Oren: "I want to point to a configuration file that is in the same directory as the package, it doesn't let me handle it."
JT: SSIS doesn't allow relative paths that is true and there are good reasons for that (can be expanded on elsewhere if you wish). There are teqhniques to get around that and I'd be happy to share them with you. In fact, I've already blogged about them: http://blogs.conchango.com/jamiethomson/archive/2006/01/05/SSIS_3A00_-Common-folder-structure.aspx
I guess you will construe this as a bloated method and I realise trying to change your mind on that is futile. Again, we're just going to have to agree to disagree.
Oren: "It quite trivial to allow update / insert based on a given set of key fields, and it is certainly something that I would expect to see in an ETL product. Given the common need for this."
JT: Oh ok, I gotcha. This is eminently possible through use of the OLE DB Command component. No doubt you will complain about the crappy interface of the OLE DB Command and I am 100% with you on that one. As I said on my blog post and as you have observed (in slightly stronger tones
) the design UI needs LOTS of work.
Oren: "Um, there is something that is called a background thread, and it is used to do work without freezing the UI"
JT: Fair enough - I don't have enough knowledge about the VS shell to comment here.
Oren: "Working offline is not a valid option, because then you get a whole lot of validation errors"
JT: So what? As long as you know that they're due to you working offline what's the problem? Just ignore them. I know I know...we won't agree on this.
Oren: "how do you handle two developers working on the same package?
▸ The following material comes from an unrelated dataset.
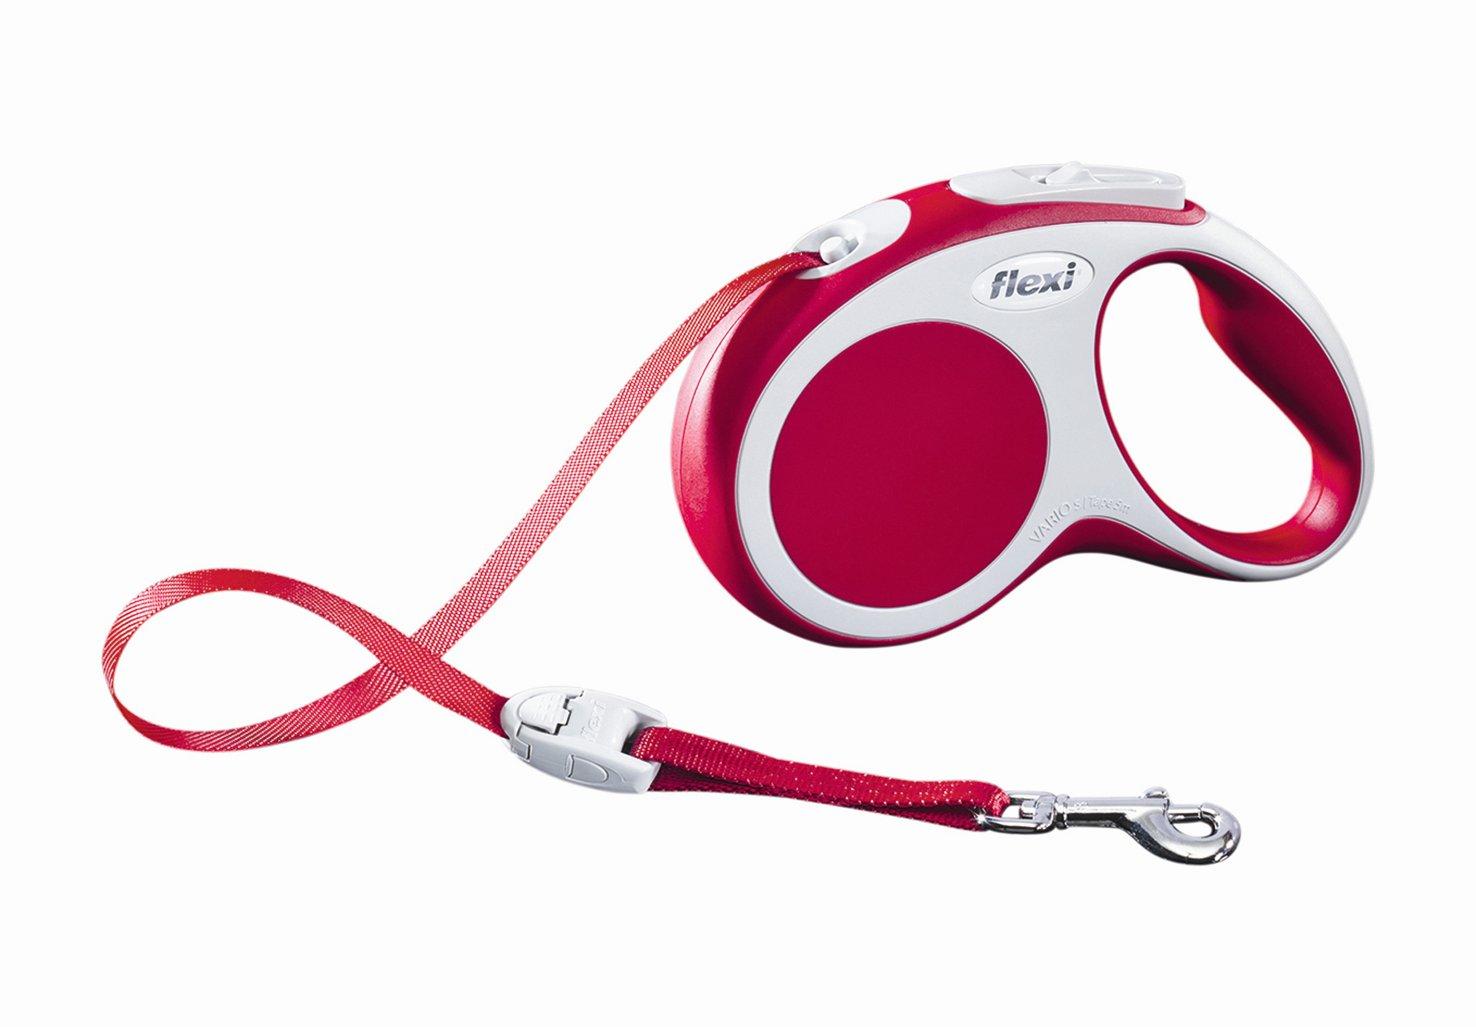 Поводок-рулетка Flexi Vario Compact S для собак до 15 кг, цвет: красный, 5 м019320Поводок-рулетка Flexi Vario Compact S изготовлен из пластика и нейлона. Ленточный поводок обеспечивает каждой собаке свободу движения, что идет на пользу здоровью и радует вашего четвероногого друга. Рулетка очень проста в использовании, оснащена кнопками кратковременной и постоянной фиксации. Ее можно оснастить - мультибоксом для лакомств или пакетиков для сбора фекалий, LED подсветкой корпуса, своркой или ремнем с LED подсветкой. Поводок имеет прочный корпус, хромированную застежку и светоотражающие элементы.Длина поводка: 5 м. Максимальная нагрузка: 15 кг.Товар сертифицирован.

How do you handle branching and merging?"
JT: I hope to expand on this in a dedicated blog post soon (someone replied to my post asking me to do so as well) so I'll talk more about it there. Headline though is that we have a framework that doesn't require multiple developers to work on the same package because we split "work" over seperate packages and that approach works really well for us. If your complaint is around the lack of ability to work on a task in isolation then again I am 100% with you and I have been complaining about that since I first got my hands on the product.
Branching and merging? Never had a requirement to do that yet but if/when we do and if/when I run into problems I'll (try to) remember to let you know.
A key point here is that multi-user development is possible by seperating work over separate packages and I would view that approach as best practice anyway.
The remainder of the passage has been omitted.